The Austin Chronicle

https://www.austinchronicle.com/daily/sports/2013-12-24/for-the-kids/

For the Kids

By Joseph Baucum, December 24, 2013, 1:30pm, The Score

Michelle Trenum’s voice is rising, and it has everything do with her oldest son. From her home in Nokesville, Virginia, she has just read about Cedar Park High School’s touting of the Guardian Cap, a soft-shell outer layer for the helmet reputed by some coaches to prevent football concussions. She is in disbelief.

“You cannot make those claims,” she says of the Guardian Cap’s alleged ability to protect players’ brains. “There is no scientifically valid study that shows any of that stuff works. Any of it.”

Trenum is correct, but this is about more than just the cap.

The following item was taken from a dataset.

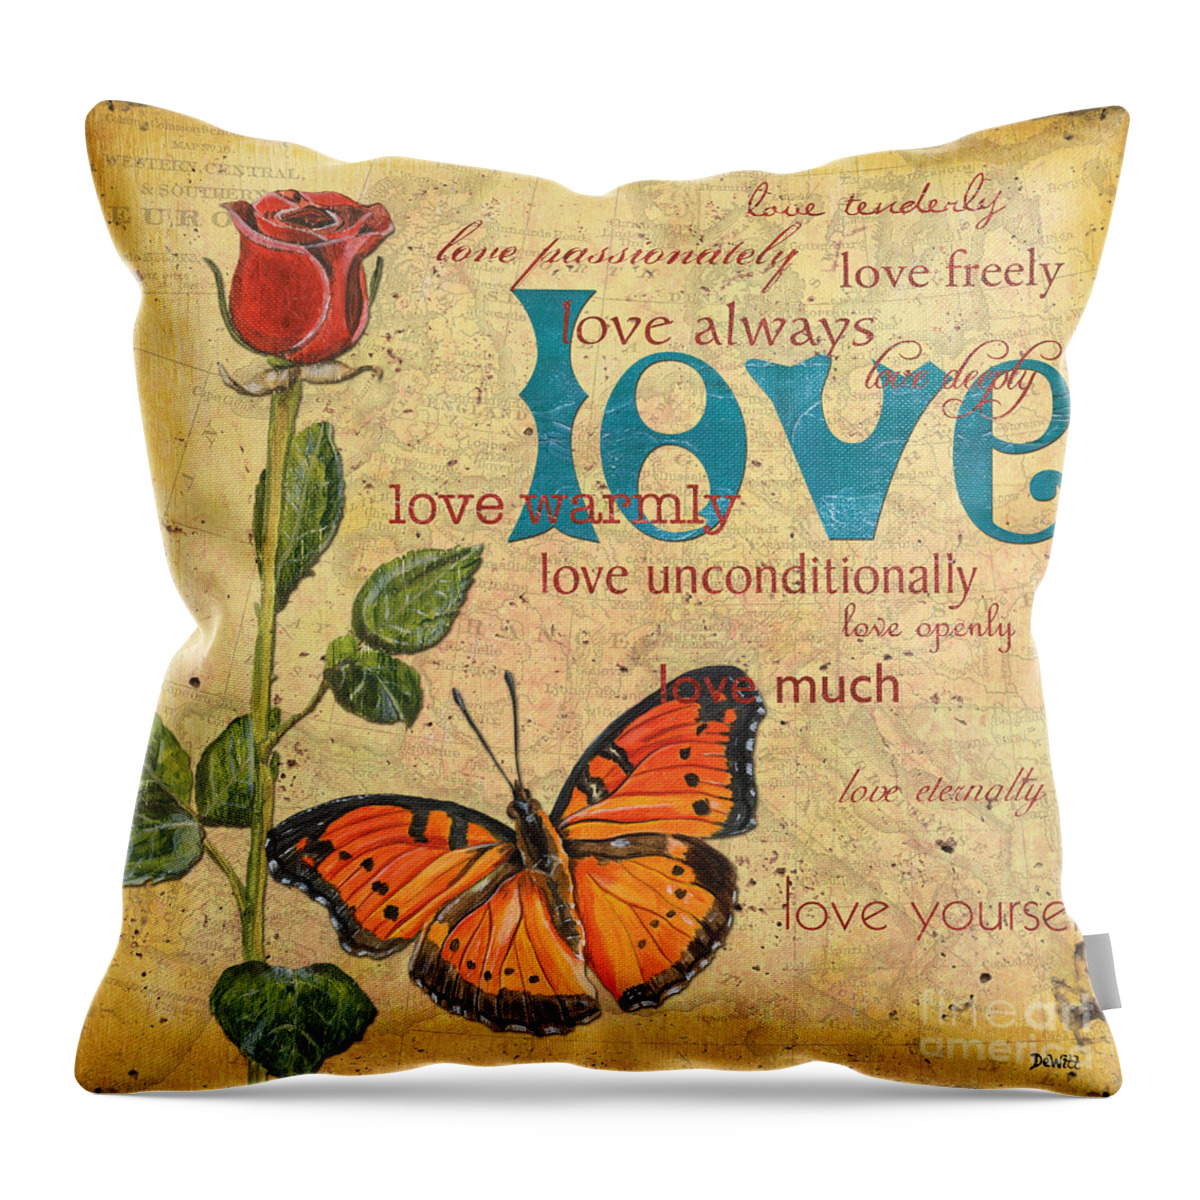 Inspirational Throw Pillow featuring the mixed media Roses and Butterflies 2 by Debbie DeWitt

Her oldest son may have not played for Cedar Park, but Austin Trenum was a high school football player. A fullback and linebacker for the Virginia ’s Brentsville Tigers, the 17-year-old’s tragic death in September 2010 is the definitive example of why factual concussion awareness is so vital. A proper understanding of concussions could have saved Austin’s life.

“I’m not suggesting we ban all football,” says Michelle. “I believe parents have the right to decide if football is right for their children. However, you really need all the information to make that decision. Right now parents aren’t getting it, and that’s what school districts can do better.”

In Texas, reconciling football with safety has resulted in a confused mission for school districts and the University Interscholastic League (UIL), the two entities most responsible for overseeing the care of high school athletes. One side of the mission’s about preserving the sport. The other’s about protecting the player. In an ideal world, the two would go hand in hand with each getting due diligence. But the reality is much more convoluted.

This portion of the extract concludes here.